WKNK
- Callaway, Florida; United States;
- Broadcast area: Panama City, Florida
- Frequency: 103.5 MHz
- Branding: Radio Fe

Programming
- Format: Spanish Christian

Ownership
- Owner: Faith Radio Network, Inc.
- Sister stations: WASJ, WLTG, WPCF

History
- First air date: October 12, 1989 (as WXDZ)
- Former call signs: WXDZ (1989–1989); WBKL (1989–1991); WDRK (1991–1997); WMXP (1997–2004); WAKT-FM (2004–2012);
- Call sign meaning: From "Kick'n Country" format in 2012

Technical information
- Licensing authority: FCC
- Facility ID: 42371
- Class: C1
- ERP: 100,000 watts
- HAAT: 129 meters (423 ft)
- Transmitter coordinates: 30°10′51.00″N 85°29′45.00″W﻿ / ﻿30.1808333°N 85.4958333°W

Links
- Public license information: Public file; LMS;
- Webcast: Listen live
- Website: faithradio.us/

= WKNK =

WKNK (103.5 FM) is a radio station broadcasting a Spanish Christian format. Licensed to Callaway, Florida, United States, the station serves the Panama City area. The station is currently owned by the Faith Radio Network.

==History==
WKNK first signed on on 12 October 1989 as WXDZ. On 5 December of the same year, its call sign was changed to WBKL. WBKL, known as "Cool 103.5", was an oldies station. On 6 December 1991, WBKL became WDRK, and billed itself as "Rock 103". It was a modern- and alternative-rock oriented station.

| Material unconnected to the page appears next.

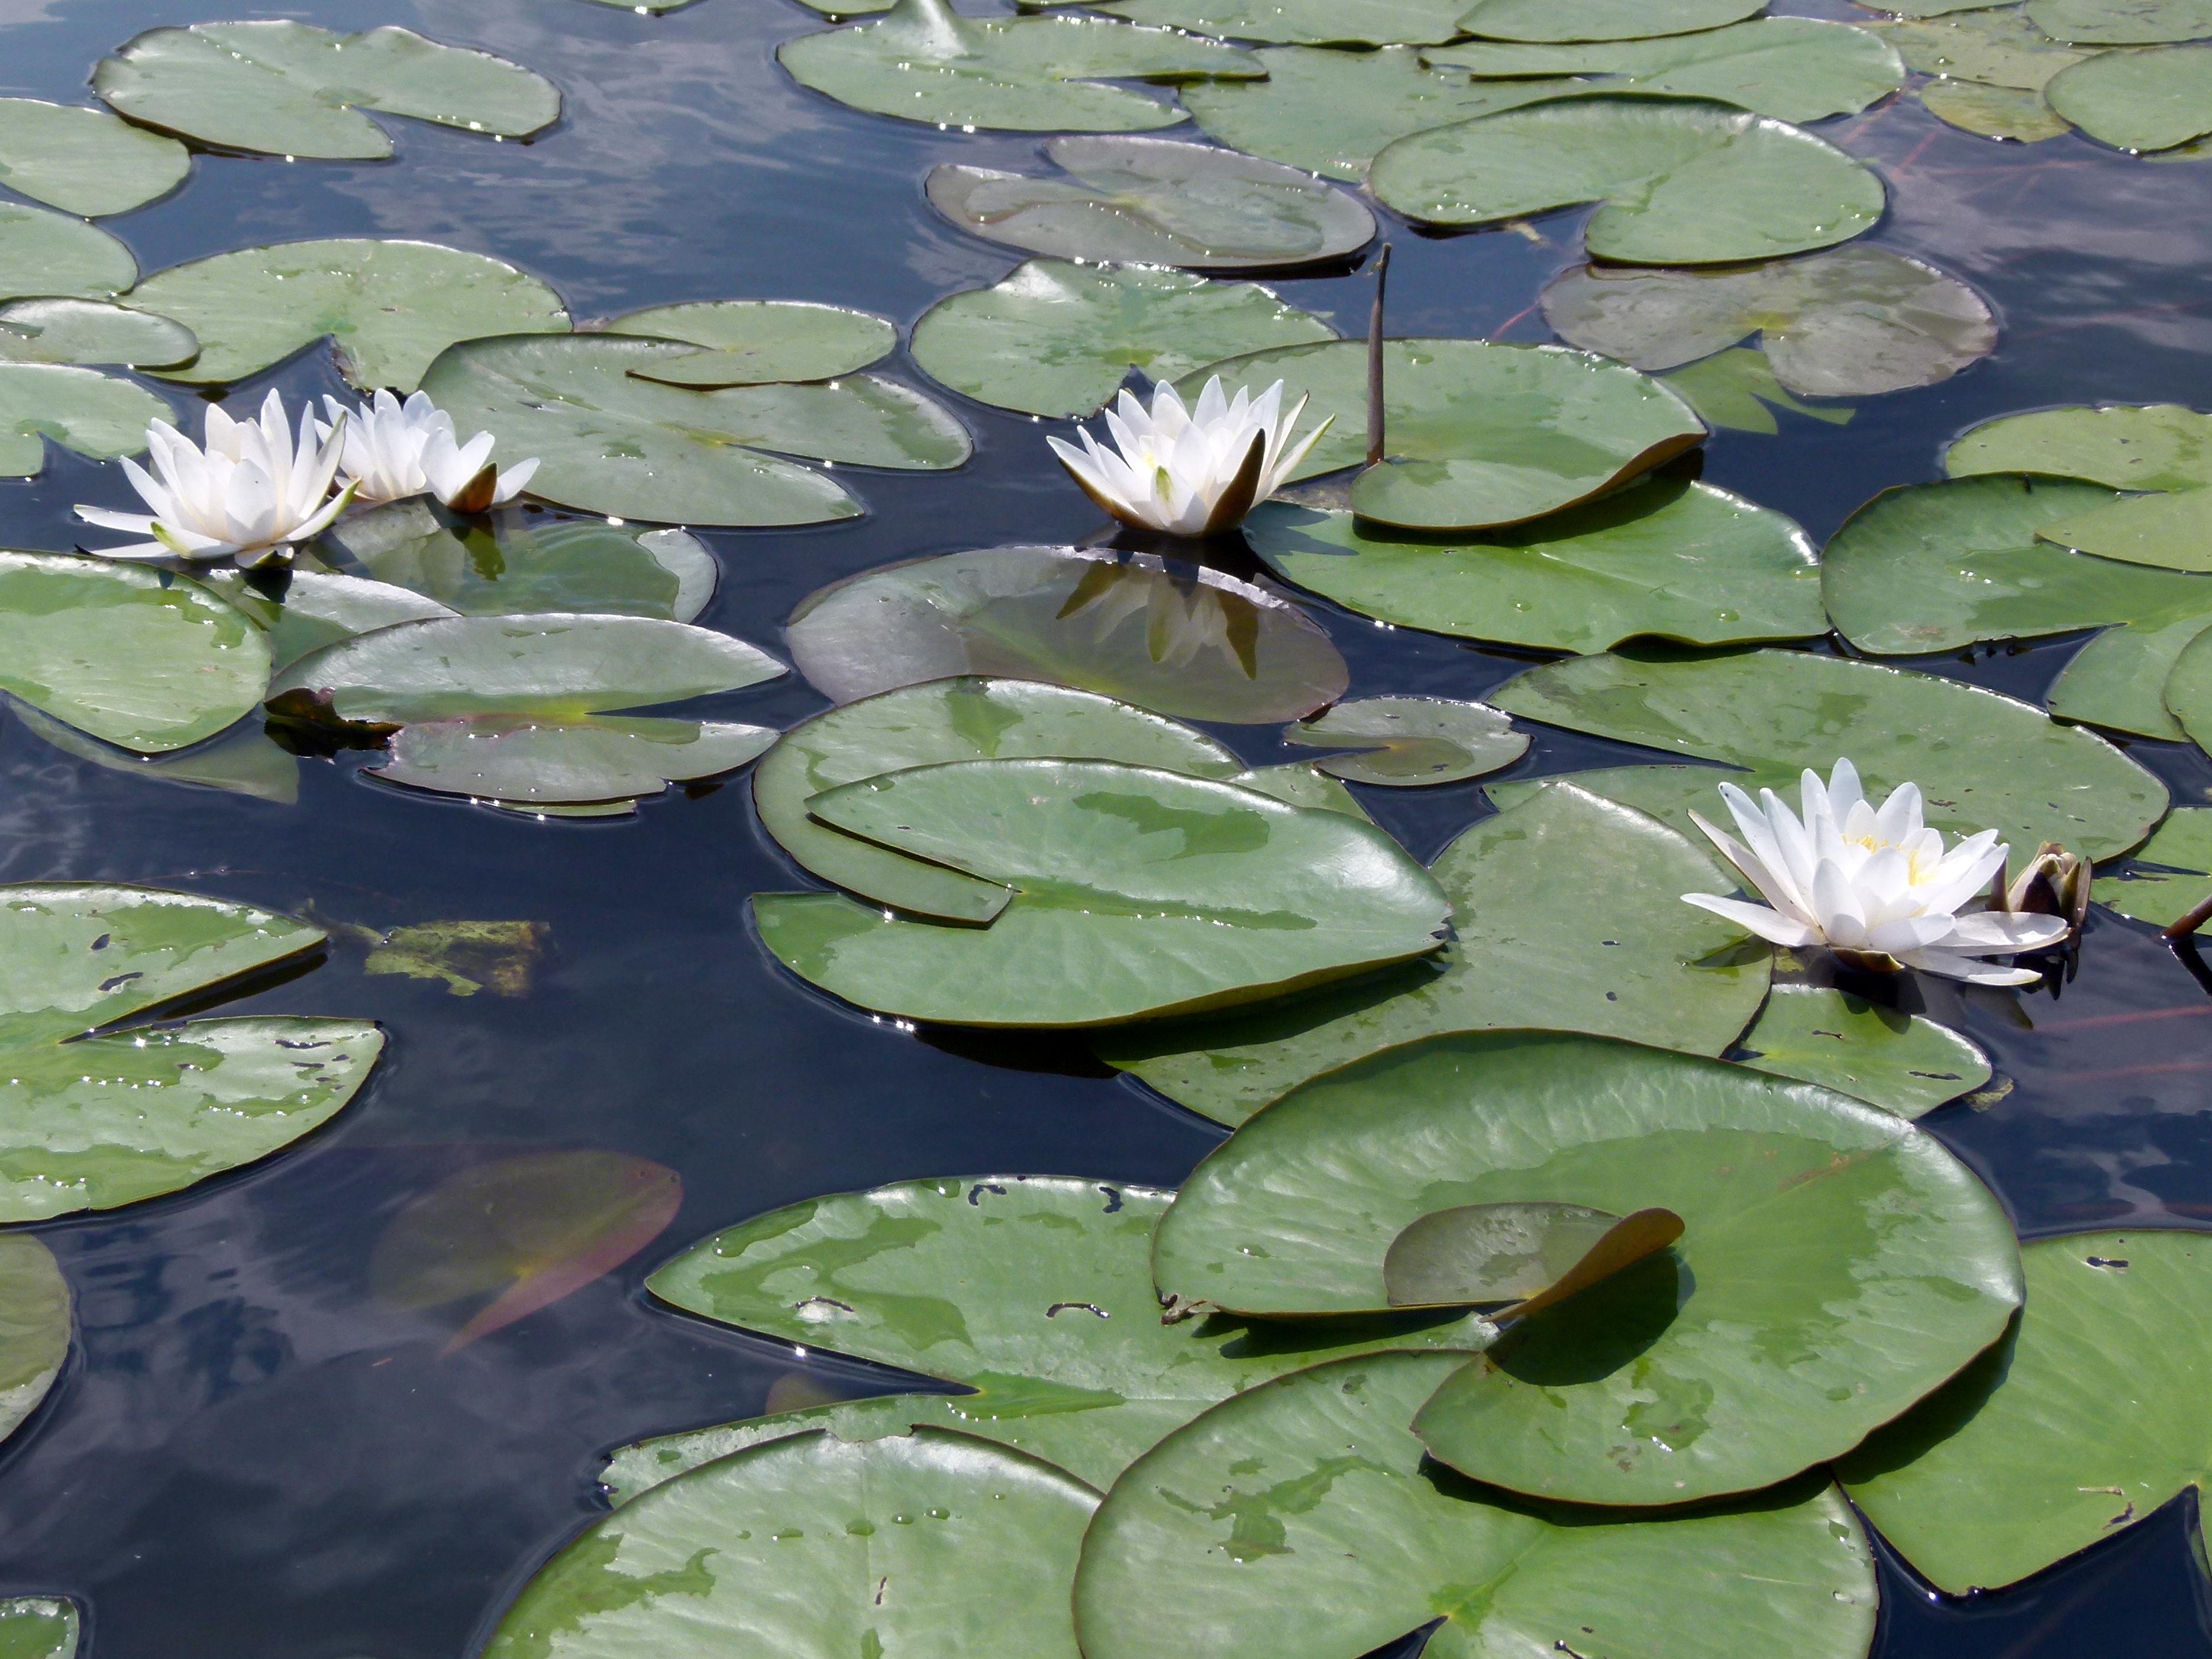 Große grüne Seerosenblättern mit einigen weißen Blüten

This lasted until 21 November 1997, when its call sign was again changed, this time to WMXP, and was known as "Mix 103". In 2000, the station changed its format to Soft Rock, and its branding to "Lite Rock 103.5". In 2002, WAKT (then a country station) and WMXP traded formats, WMXP rebranding itself to "Max Country 103.5".

On 10 Mar 2004, Max Country 103 became Kat Country and its call sign was changed to WAKT-FM. In 2009, WAKT-FM switched over to Hank FM branding, which lasted until 2012.

On 9 October 2012, its call sign was changed to WKNK and its branding to "Kick'n Country 103.5". Until 2018, WKNK featured "The Gulf Coast Morning Show with Flip & Streeter". Personalities included Melissa Miller, Brad McKay and Jay Arthur, with additional programming from Premiere Radio Networks and Westwood One.

On 10 October 2018, Hurricane Michael destroyed the facilities of Powell Broadcasting, then-owner of WKNK, WASJ, WPFM, and WRBA. After WKNK, WASJ, and WRBA were purchased by Gulf Coast Broadcasting in December 2018 (WPFM was sold to EMF), WKNK was the first to go back on the air on 23 January 2019, under the Hank FM moniker. The sale to Gulf Coast Broadcasting was consummated on April 30, 2019, at a price of $325,000.

On July 3, 2019, Gulf Coast Broadcasting sold WKNK, WASJ, and WRBA to Great American Media for $700,000. The sale was consummated on September 26, 2019.

In February 2020, the Hank FM name was dropped and it was once again rebranded to "Kickin' Country 103.5".

Effective July 1, 2022, Great American Media sold WKNK, WASJ, and WRBA to Roberta Fagan's RoRo Investments for $180,000.

WKNK and sister WASJ were sold to the Tallahassee-based Faith Radio Network in March 2025. The station would flip from the Kick'n Country format to Faith Radio's Spanish-language programming later that month, effectively simulcasting WLTG.